== What you are asked to do ==
Below, some lines carry pictures; leave those pictures out and retype exactly the lines from the one with "Peds Cup: An" through the one with "TIANEK Sports Bra".
*** Opening of Extracted data ***
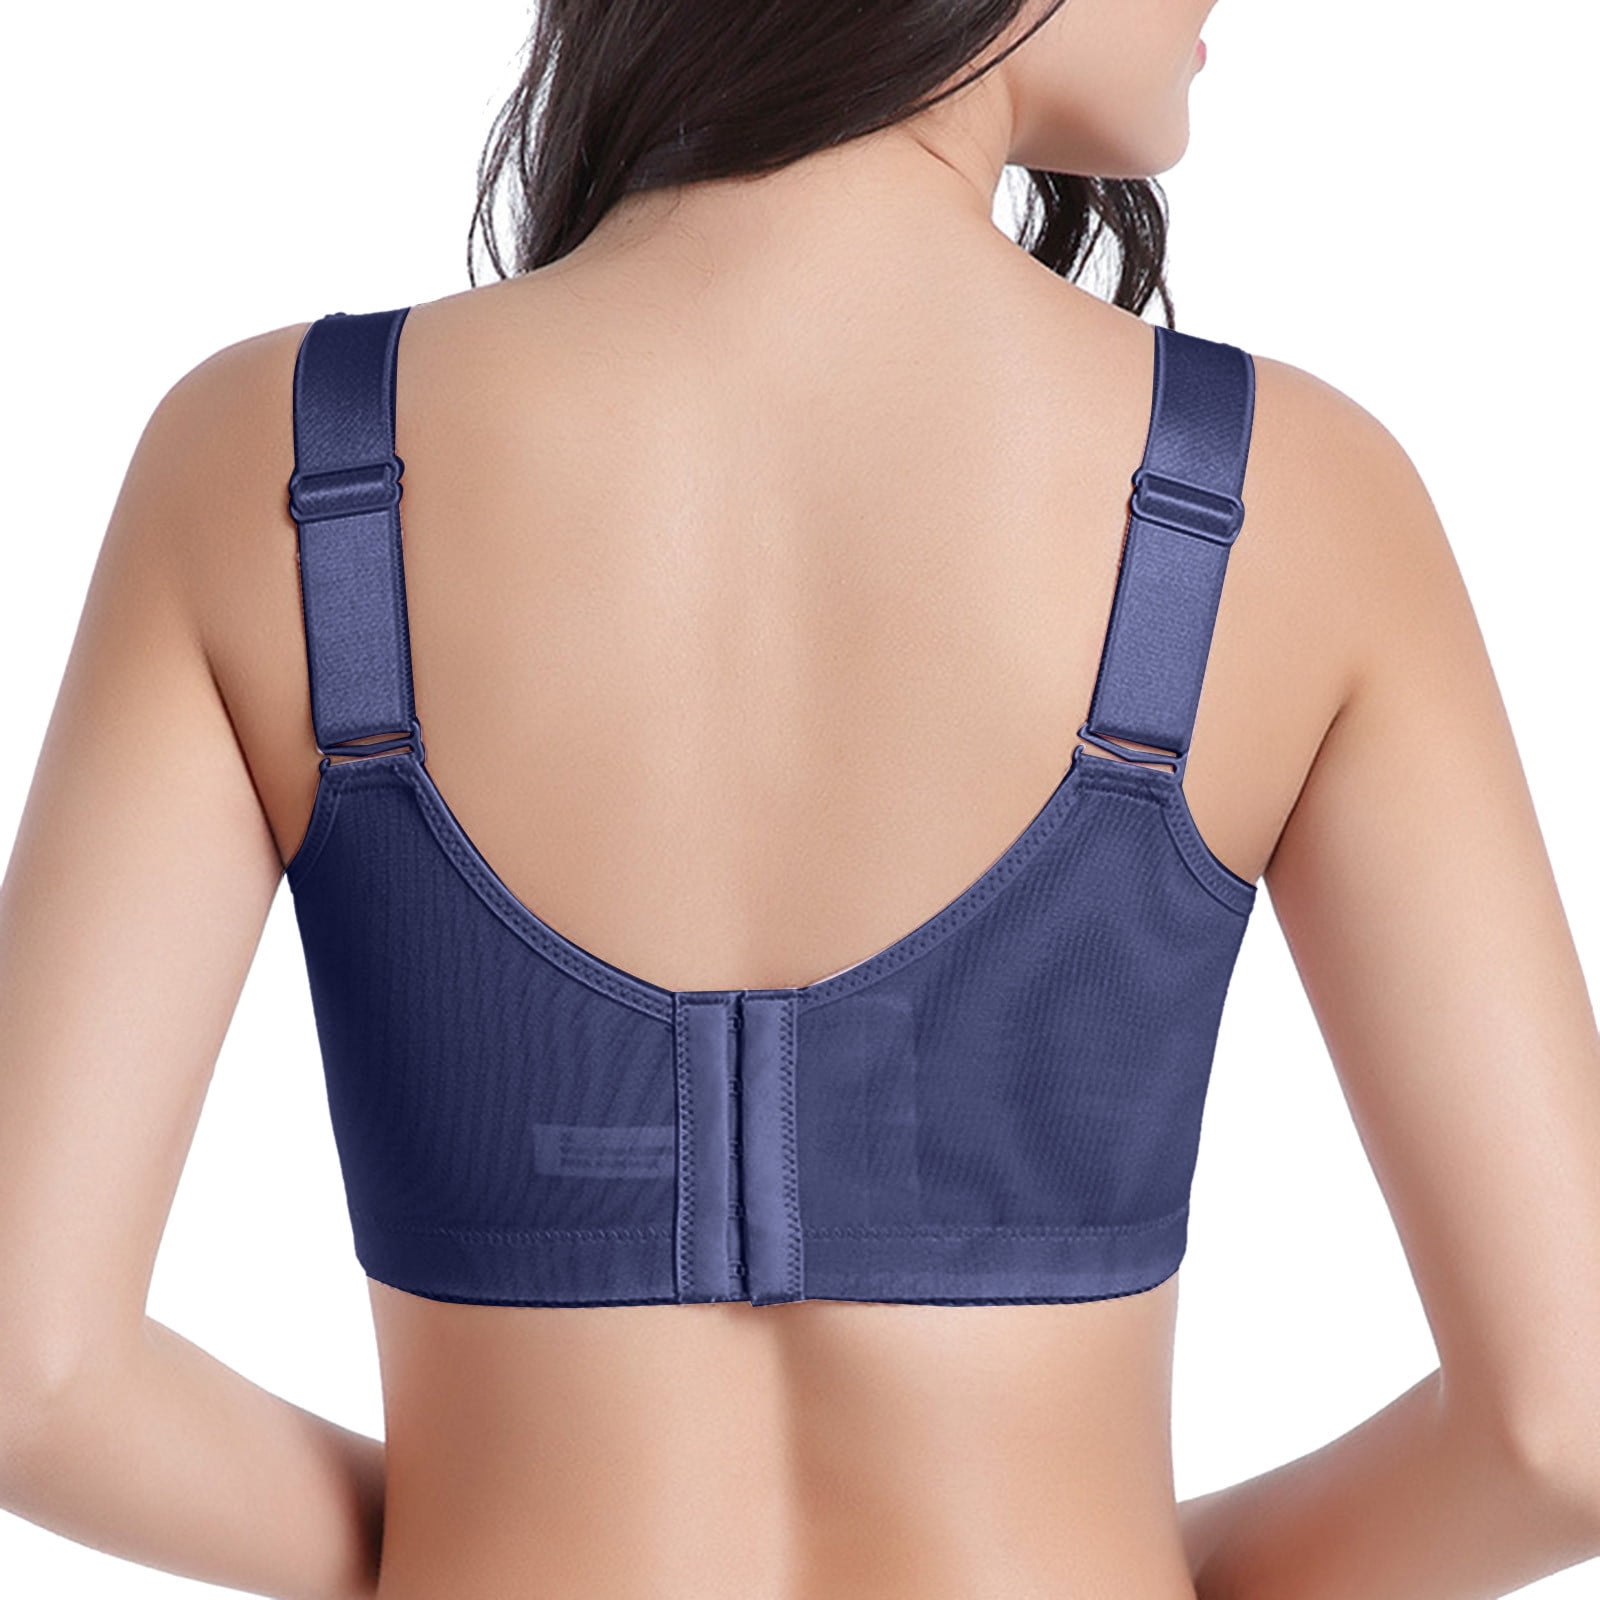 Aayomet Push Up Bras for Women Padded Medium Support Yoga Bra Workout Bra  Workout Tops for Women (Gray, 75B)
*** Close of Extracted data ***
*** Opening of Extracted data ***
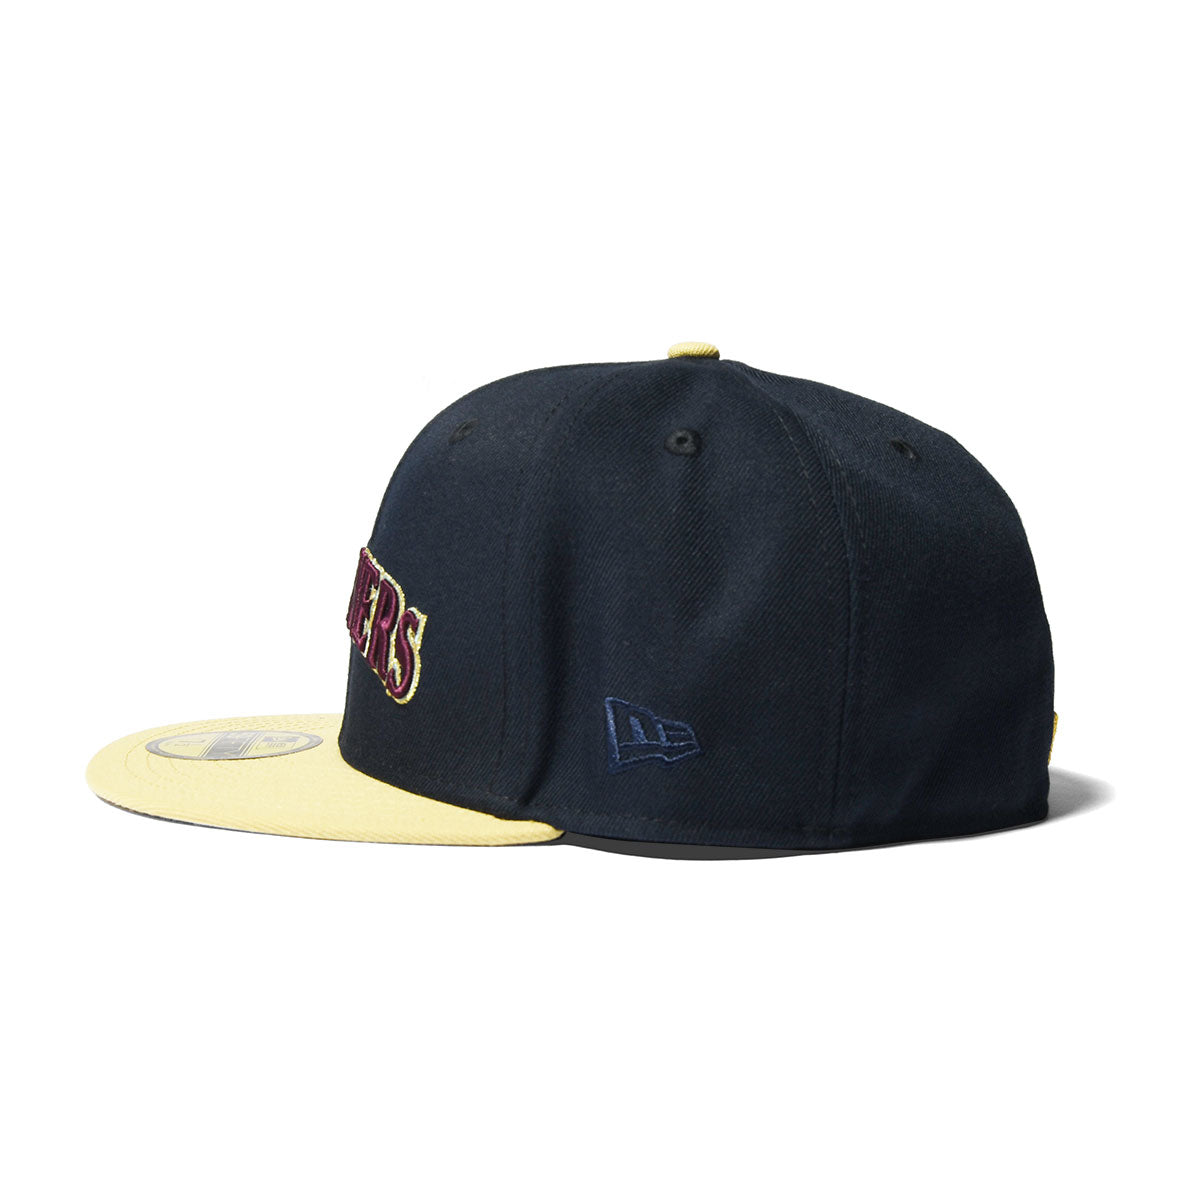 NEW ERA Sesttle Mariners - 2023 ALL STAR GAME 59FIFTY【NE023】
*** Close of Extracted data ***
*** Opening of Extracted data ***
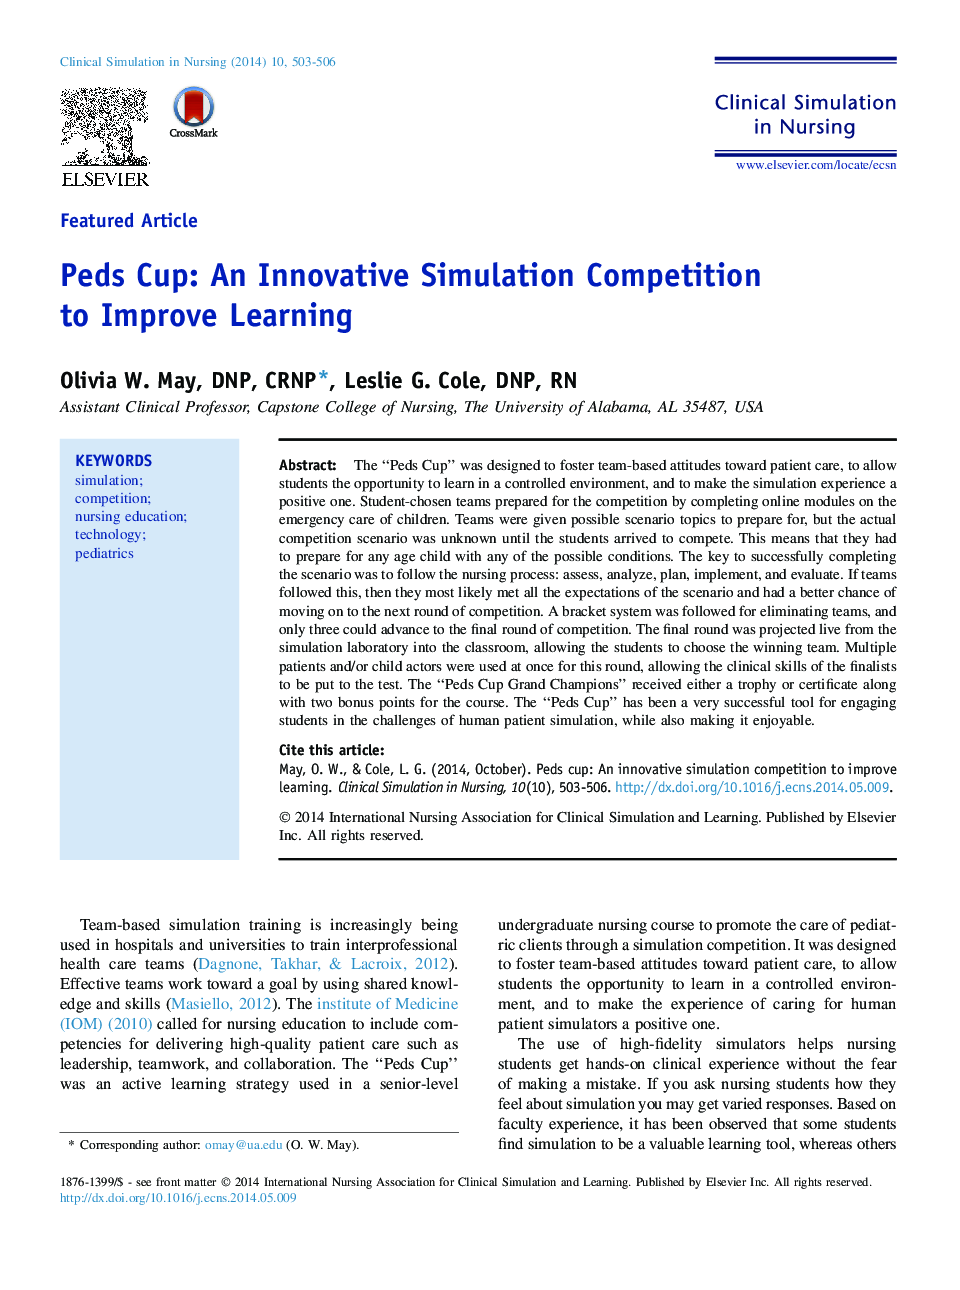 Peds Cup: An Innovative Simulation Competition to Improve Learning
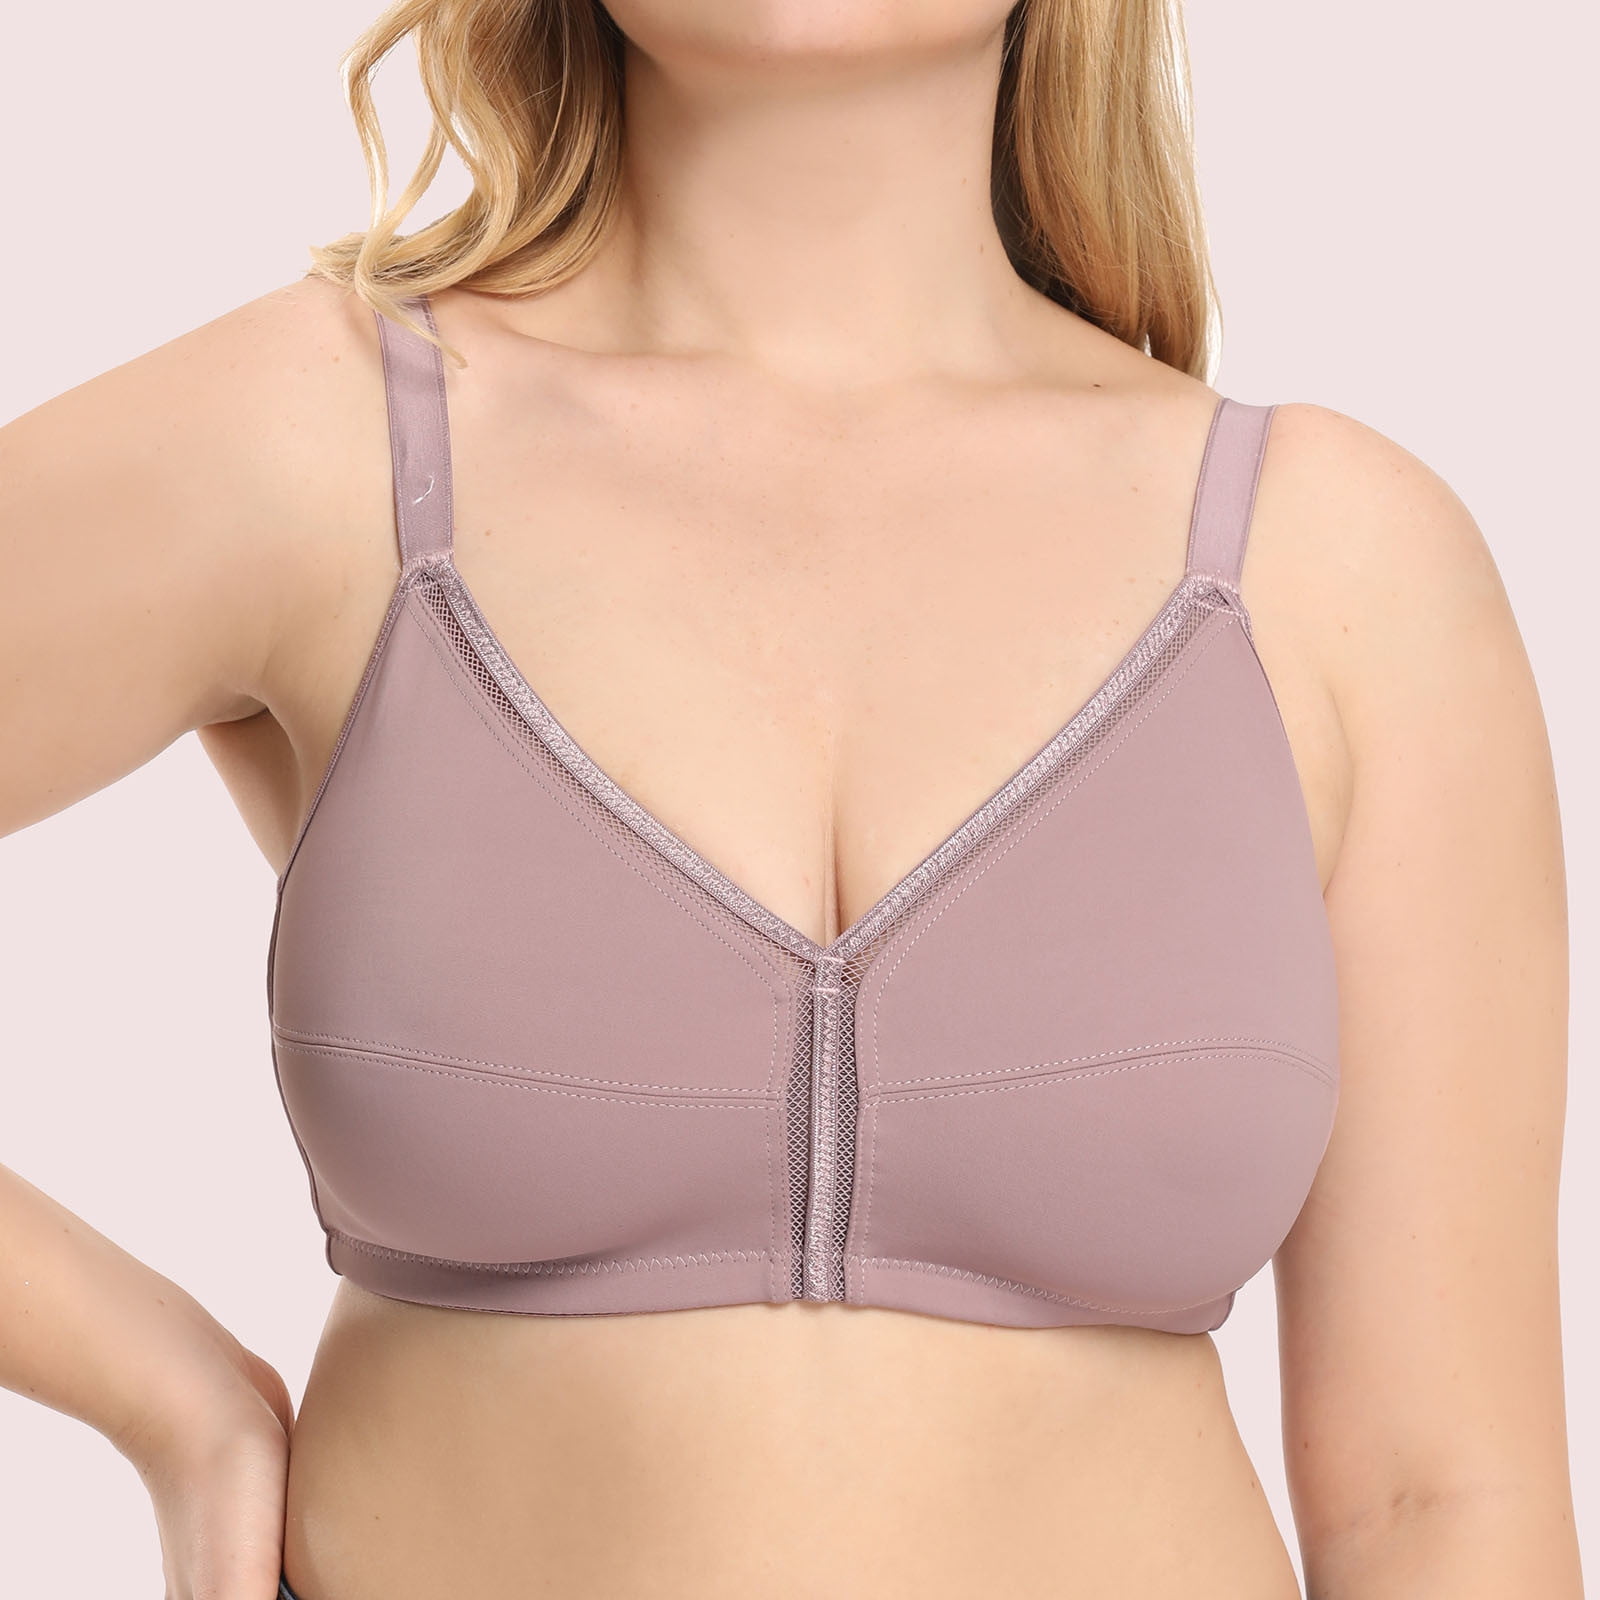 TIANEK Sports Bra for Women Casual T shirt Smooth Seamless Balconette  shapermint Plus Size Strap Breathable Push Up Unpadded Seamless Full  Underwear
*** Close of Extracted data ***
== Response below ==
 Peds Cup: An Innovative Simulation Competition to Improve Learning
 TIANEK Sports Bra for Women Casual T shirt Smooth Seamless Balconette  shapermint Plus Size Strap Breathable Push Up Unpadded Seamless Full  Underwear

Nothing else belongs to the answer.